#### [DATA EXCERPT]
%%
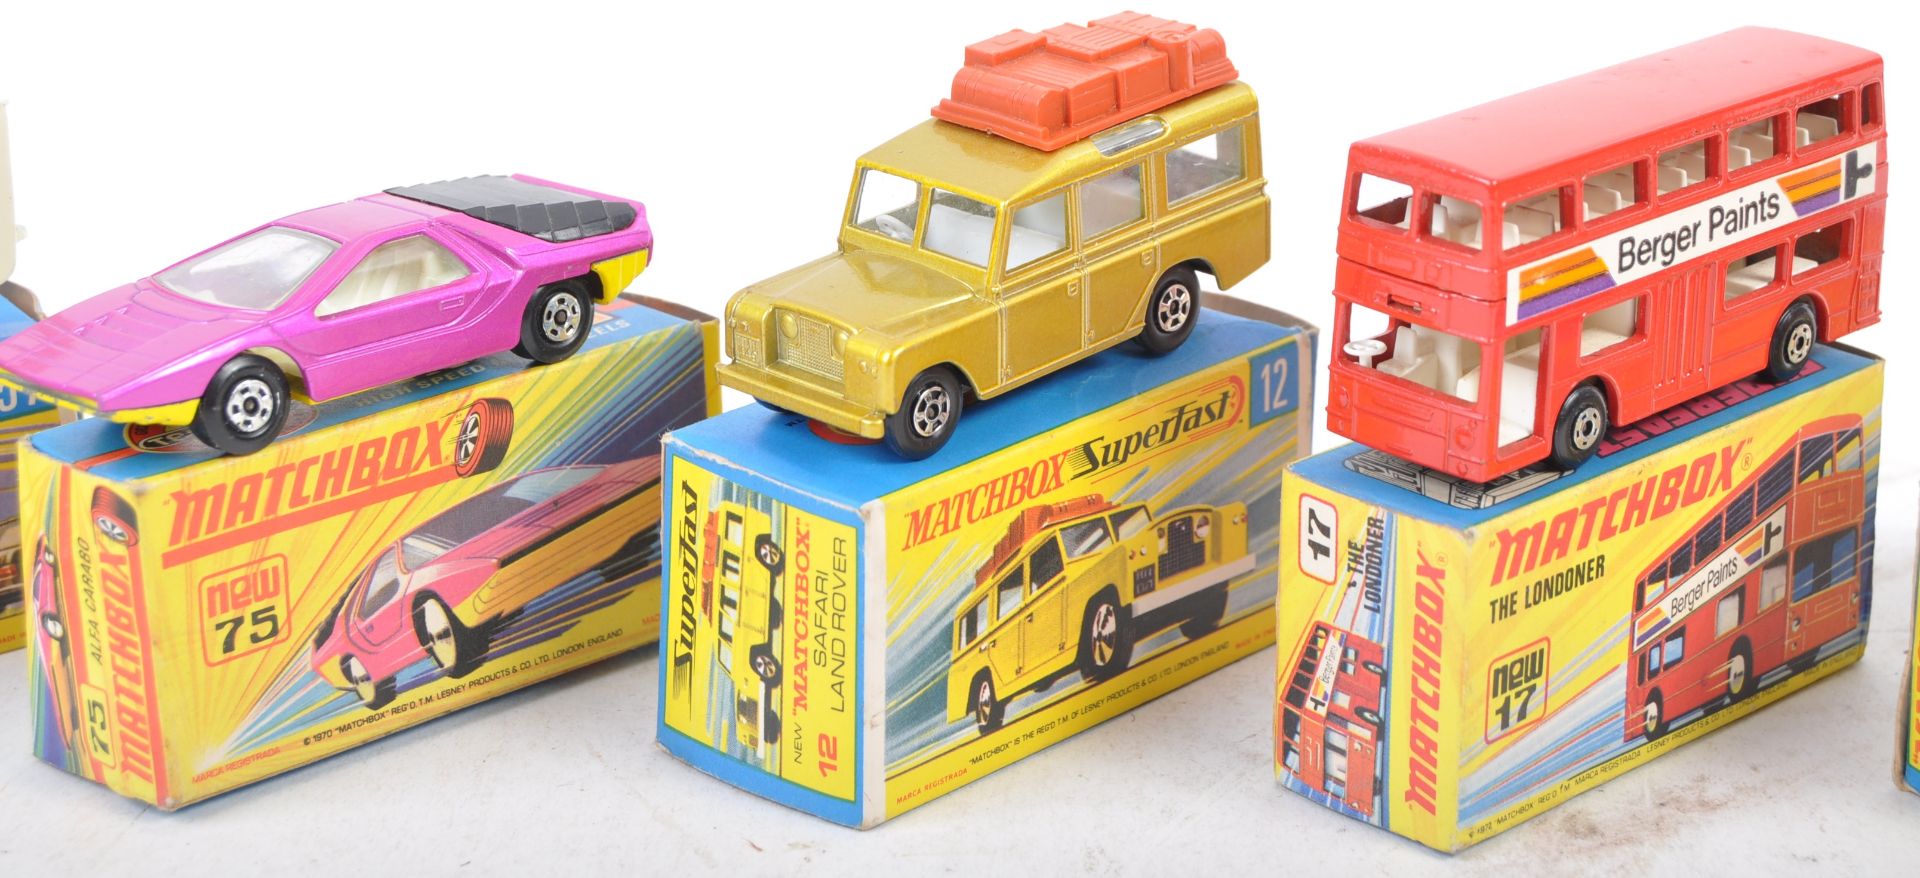 COLLECTION OF VINTAGE MATCHBOX SUPERFAST BOXED DIECAST MODELS - Image 3 of 4
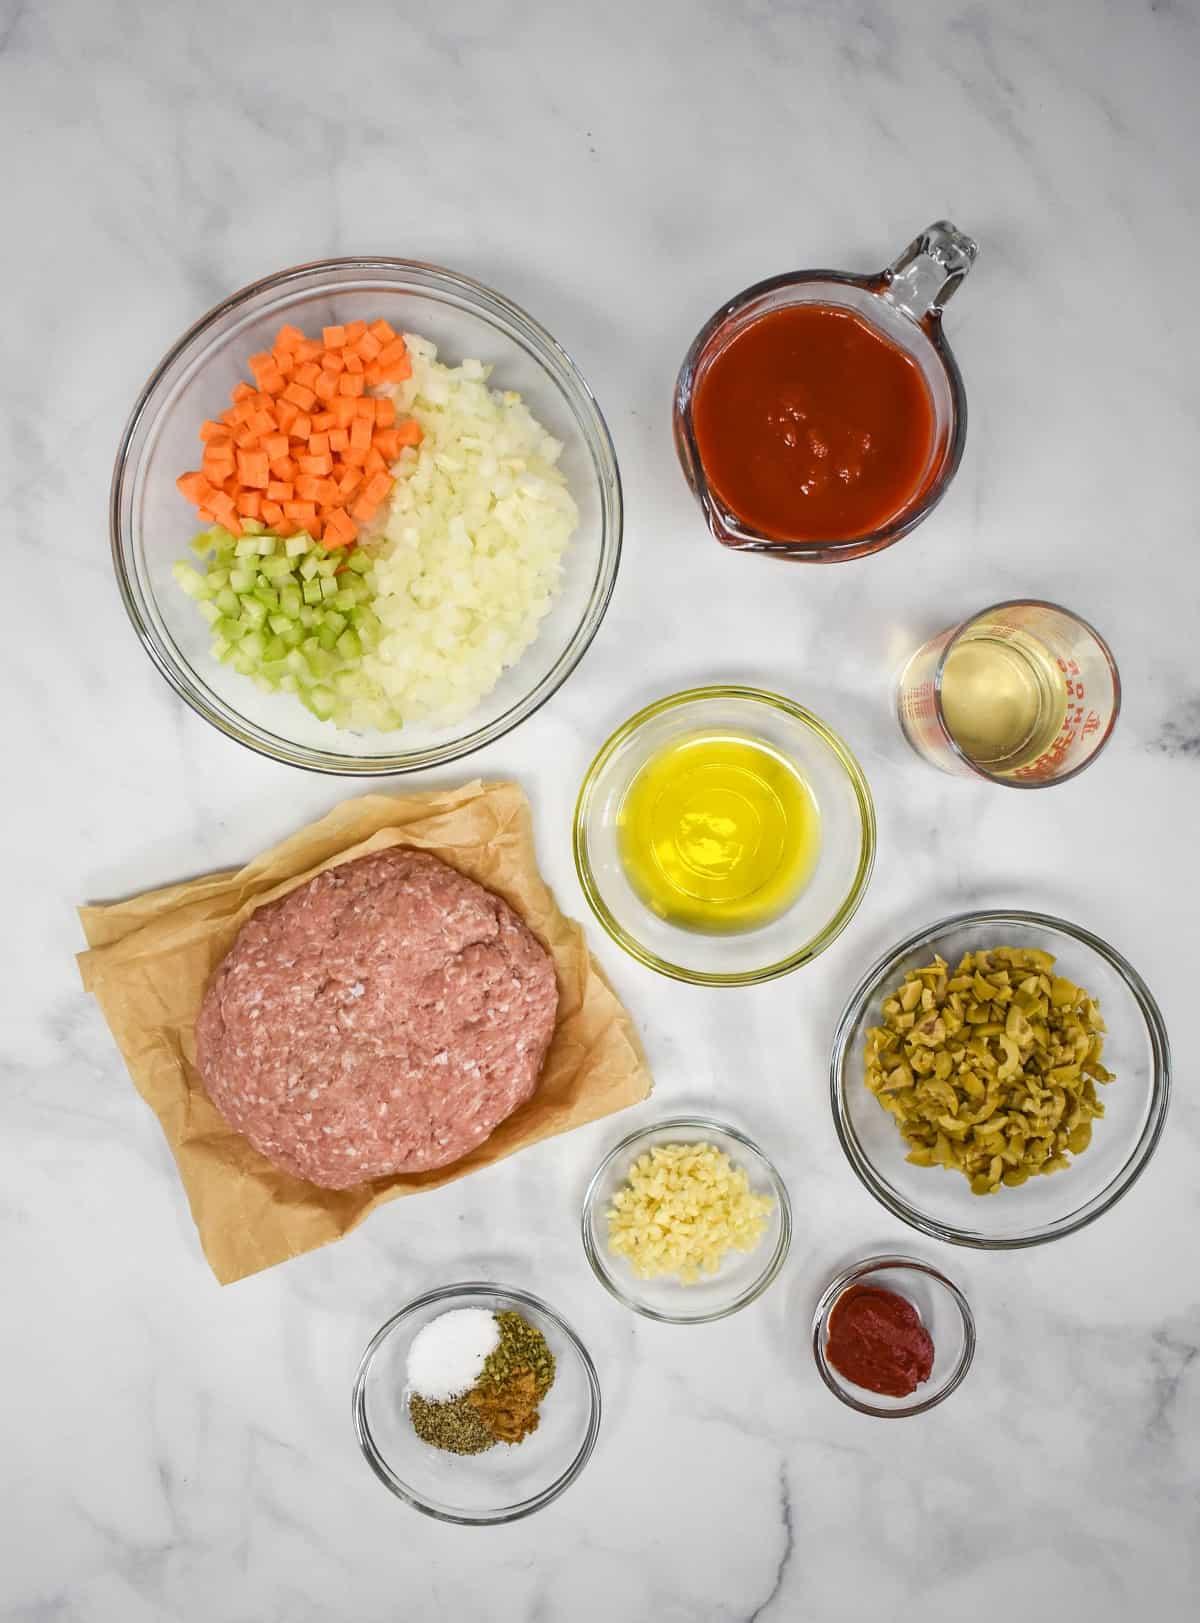 The prepped ingredients for the turkey picadillo filling arranged in glass bowls and arranged on a white table.
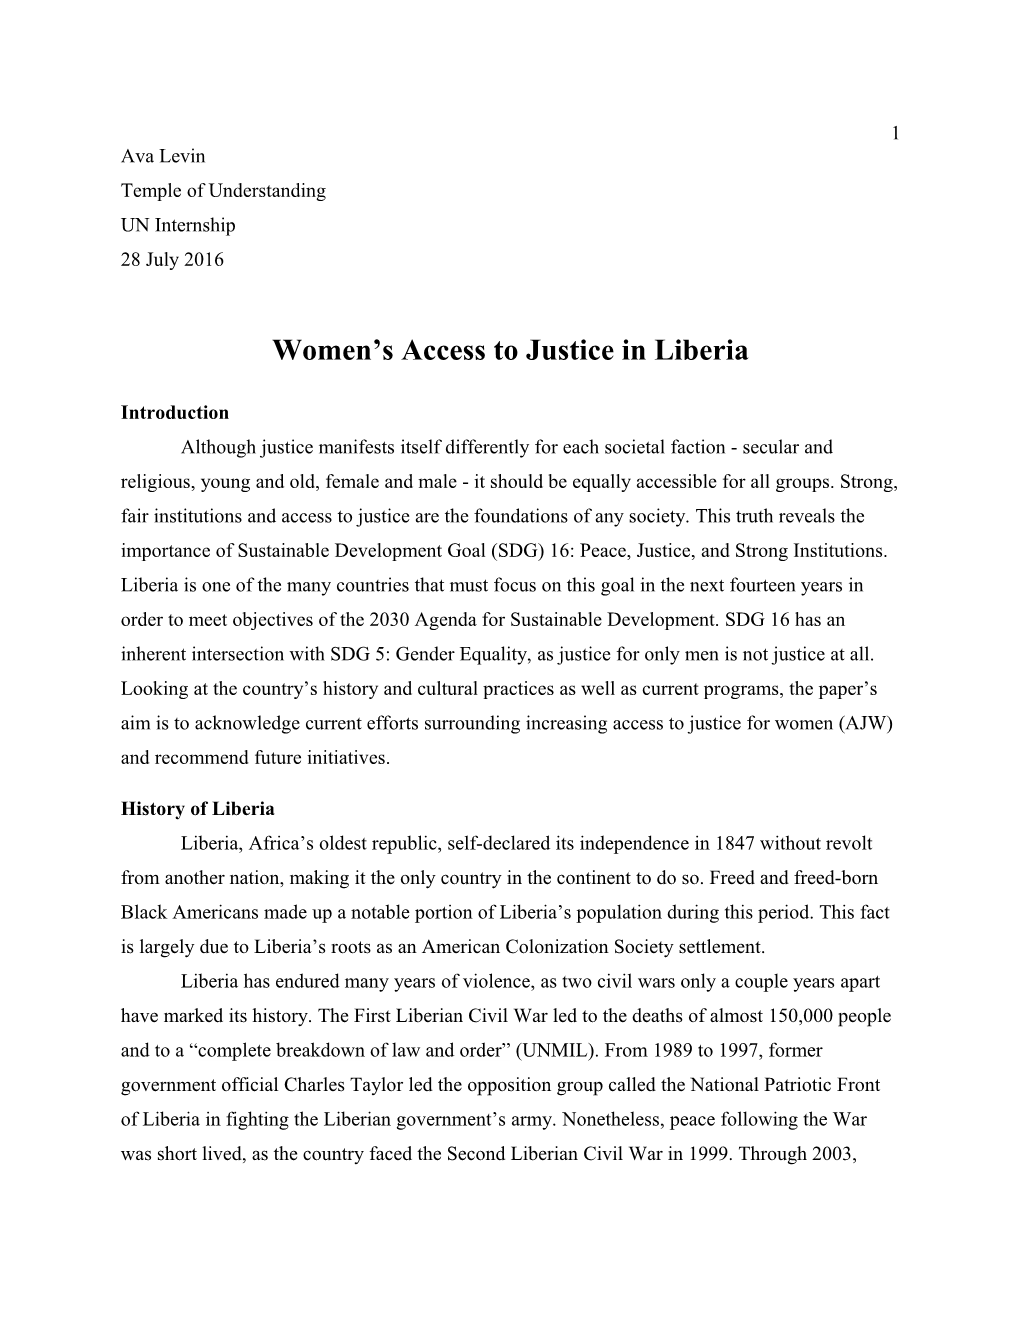 Women S Access to Justice in Liberia
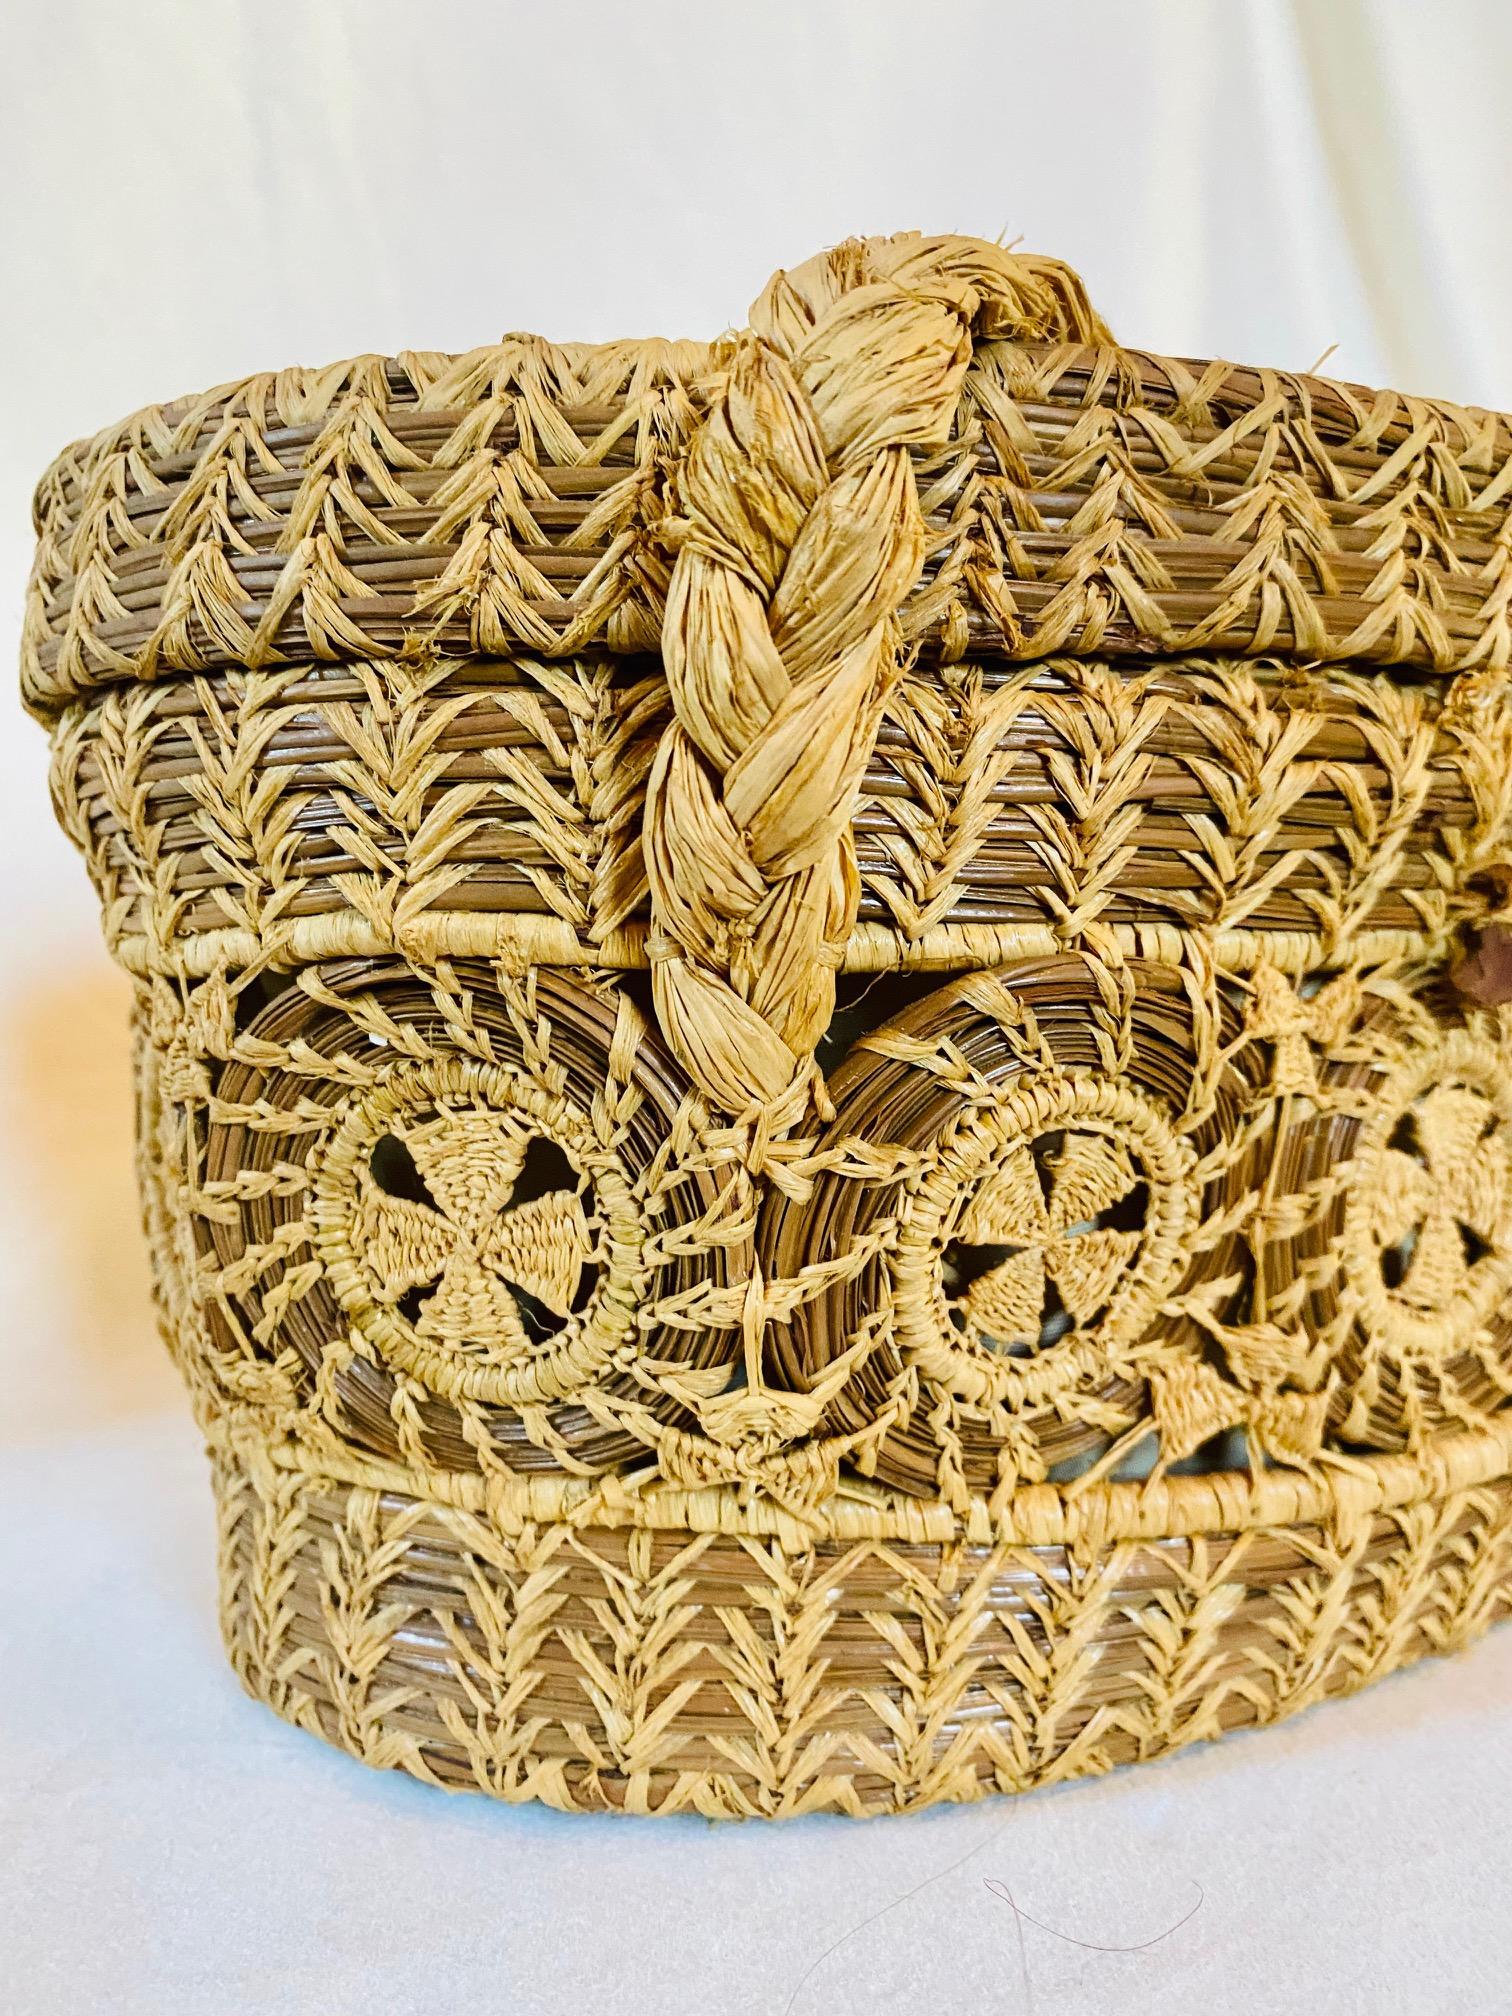 Early Vintage Mattapoisett Basket, likely by Gladys Ellis, Mid 20th Century, a hand-crafted basket modeled after a Nantucket purse, having a flat oval
%%
#### [EXERCISE]
Pictures are to be left out; otherwise, copy exactly each line from the one containing "Women S Access to Justice in Liberia" through the last line of the listing.

#### [SOLVED EXERCISE]
 Women S Access to Justice in Liberia
 Early Vintage Mattapoisett Basket, likely by Gladys Ellis, Mid 20th Century, a hand-crafted basket modeled after a Nantucket purse, having a flat oval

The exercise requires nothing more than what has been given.